In classical mechanics the equation of motion of a free particle in polar coordinates is given by \begin{aligned} &m\left(\ddot{r}-r \dot{\theta}^{2}\right)=0 \\ &m(r \ddot{\theta}+2 \dot{r} \dot{\theta})=0 \end{aligned}
while in cartesian coordinates is given by \begin{aligned} &m\ddot{x}=0 \\ &m\ddot{y}=0. \end{aligned}
Now suppose we are given the equation \begin{aligned} &m\left(\ddot{x}-x \dot{y}^{2}\right)=0 \\ &m(x \ddot{y}+2 \dot{x} \dot{y})=0. \end{aligned}
If we know that $x$ represents distances and $y$ represents angle than we know that the last equation represents the motion of a free particle.

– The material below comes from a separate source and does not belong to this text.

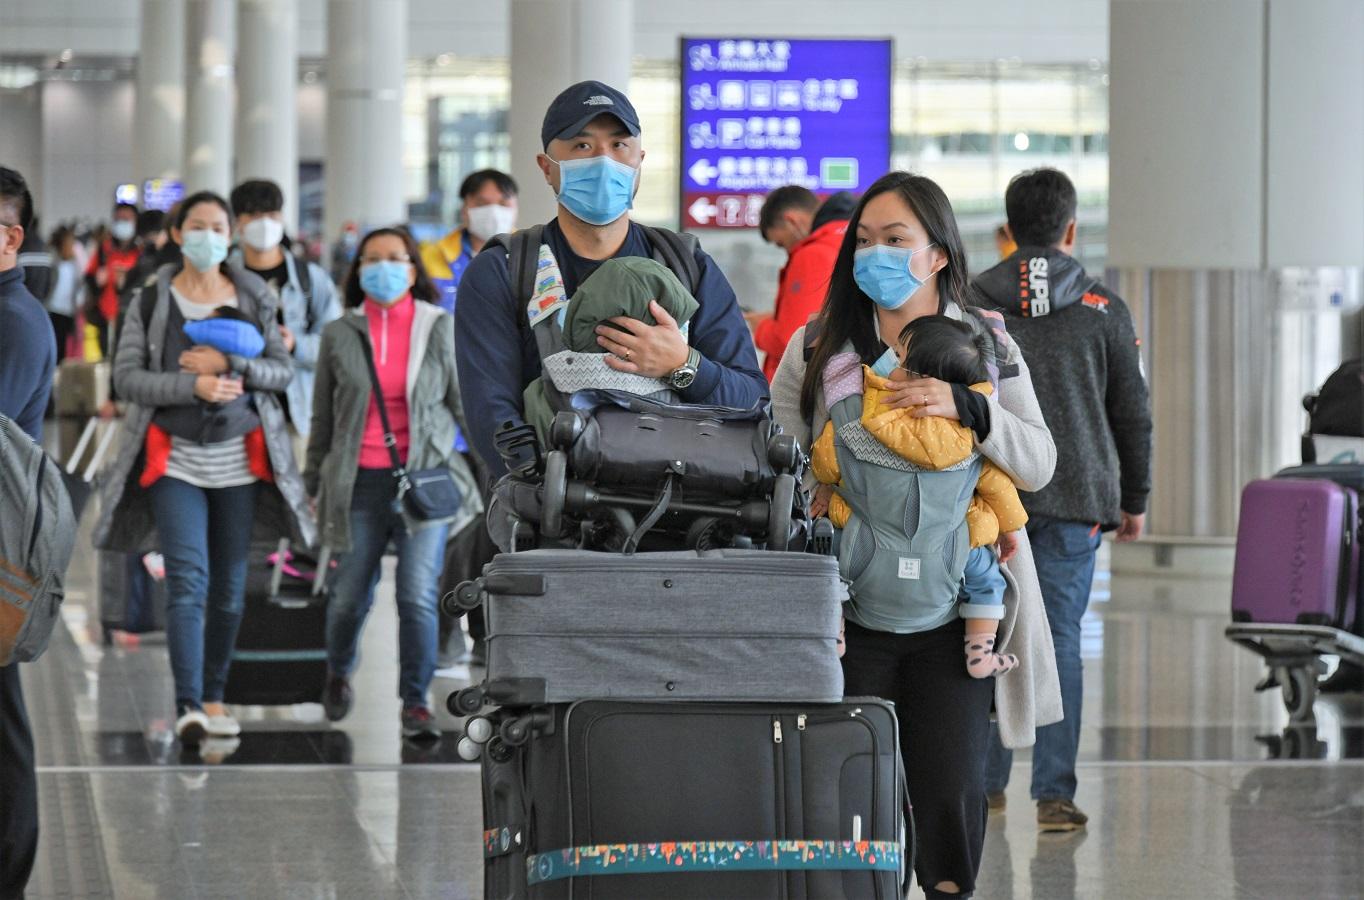 【新冠肺炎】民航处:越南已取消停飞香港航班措施

Suppose that we have the quantum field Lagrangian $$\mathscr{L}=\frac{1}{2}\left(\partial_{\mu} \phi\right)^{2}-\frac{1}{2} m^{2} \phi^{2} \tag 1$$
and suppose we do a field redefinition $\phi=F(\psi)$ such that the Lagrangian $(1)$ turns into
$$\mathscr{L}=\frac{1}{2}\left(\partial_{\mu} \psi\right)^{2}-\frac{1}{2} m^{2} \psi^{2} -\frac{g}{4 !} \psi^{4}. \tag 2$$
Now relabeling $\psi \rightarrow \phi$ the Lagrangian we arrive at
$$\mathscr{L}=\frac{1}{2}\left(\partial_{\mu} \phi\right)^{2}-\frac{1}{2} m^{2} \phi^{2} -\frac{g}{4 !} \phi^{4}. \tag 3$$
In quantum field theory the equivalence theorem says that field redefinitions does not change the theory. So in order for the Lagrangian $(1)$ and $(3)$ represents the same theory the fields $\phi$ in $(1)$ and $(3)$ have to have different meanings.
My question is, do fields have meaning in quantum field theory?